An interview with pediatric surgeon Vincent Duron, MD, about the latest in pediatric and fetal surgery.
Last we spoke, a lot of pediatric surgery seems to be advancing because the tools have finally caught up to the ideas. Does that feel right?
For sure. A lot of what we’re doing is not necessarily new in concept, but the approach is very different now.

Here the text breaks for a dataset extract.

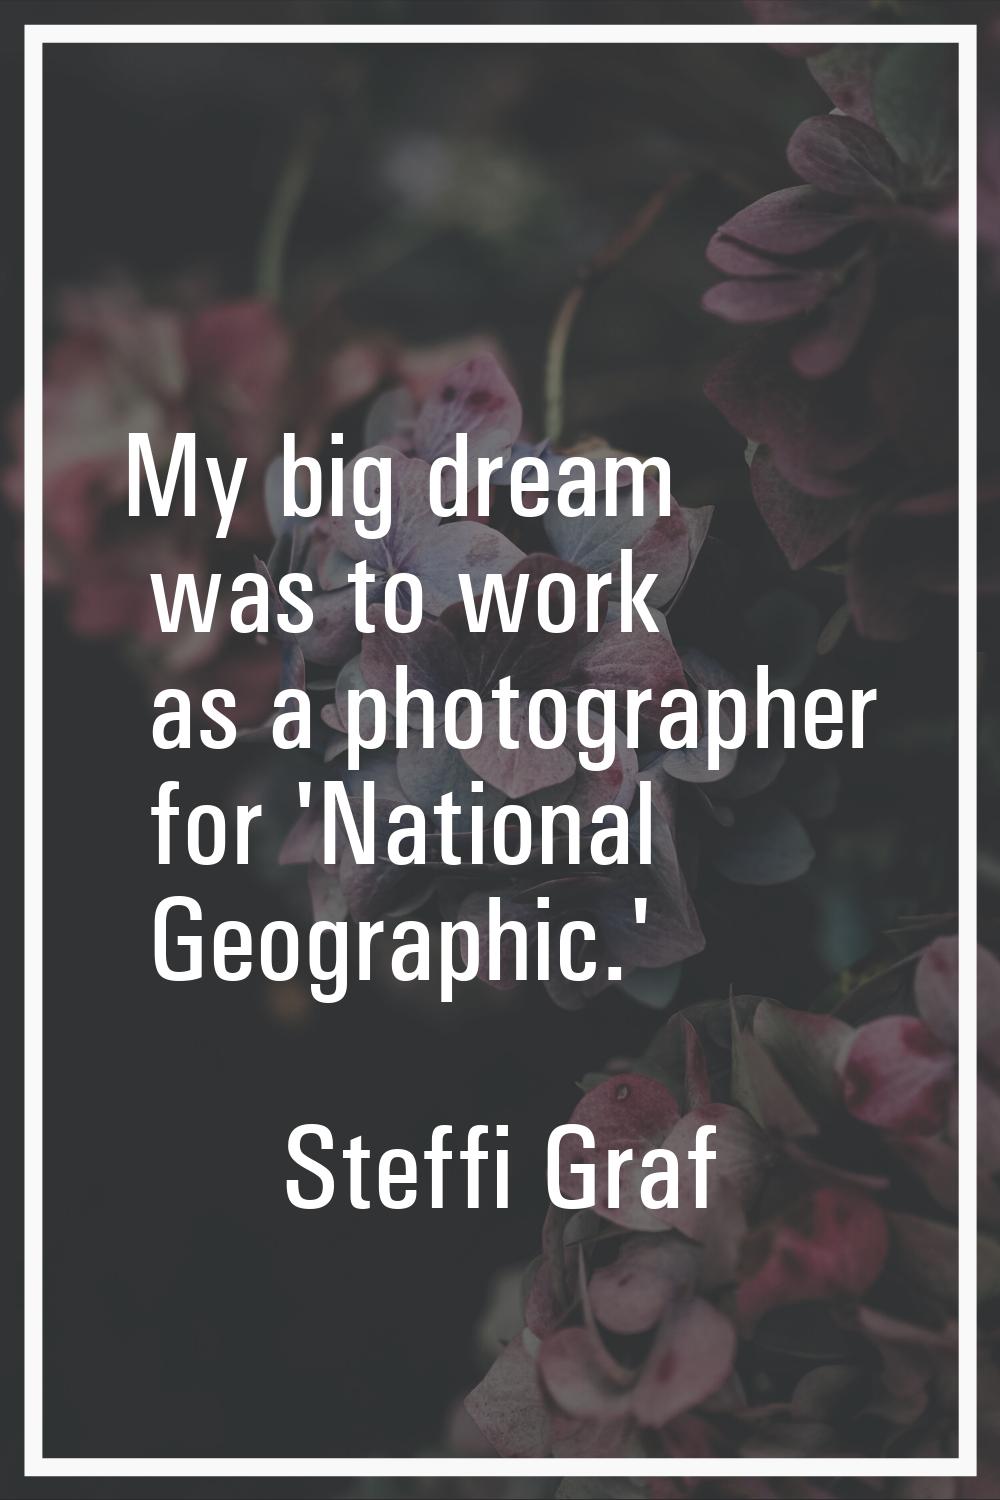 My big dream was to work as a photographer for 'National Geographic.'

Fetal surgery is a good example. The idea of intervening before birth has been around for decades. People were trying some of these things in the 1980s and 1990s, but they were doing them through big incisions, and the morbidity was so high that a lot of those procedures were abandoned.
Now, with minimally invasive approaches, some of those same ideas are possible again.
FETO is such a striking example. Can you explain what is actually happening during the procedure, and why it can change outcomes for babies with congenital diaphragmatic hernia (CDH)?
Yes. In congenital diaphragmatic hernia, we can do fetoscopic endoluminal tracheal occlusion, or FETO. We place a balloon in the fetal trachea, usually around 29 to 31 weeks, and remove it around 34 weeks. What we’re doing is allowing fluid to stay in the lungs, which pushes on the lung tissue and helps the lungs grow. That has been shown to improve outcomes.
Forty years ago, people were doing this by making a huge C-section incision, making a large incision in the uterus, taking the baby’s head out, finding the trachea, and literally tying it closed or clipping it. Then they would come back later and take the clip out. You can imagine how morbid that was.
Now we do it with a small scope, a small incision, and a balloon.
So in a way, it’s redefining classic theories and applying modern technologies that make interventions possible now that were once too morbid or too risky.
The Pediatric Problem with Adult Tools
How much is robotics being integrated into pediatric surgery?
Pediatrics is lagging a little bit with the robot, mainly because the trocars are still too big for infants and because a lot of the surgeries we do are not the ones that benefit most from robotics. We’re not doing a lot of prostate surgery or pelvic work the way adult surgeons are.
But robot use is becoming more and more common in adults, partly because patients are asking for it, partly because of marketing, and partly because it really does facilitate surgery for the surgeon.
I’ve always been kind of an old-timer against the robot, to be honest. A lot of us who do laparoscopic surgery say, “Well, the robot is for people who can’t figure it out laparoscopically,” because it helps you so much. It gives you different angles and better mobility.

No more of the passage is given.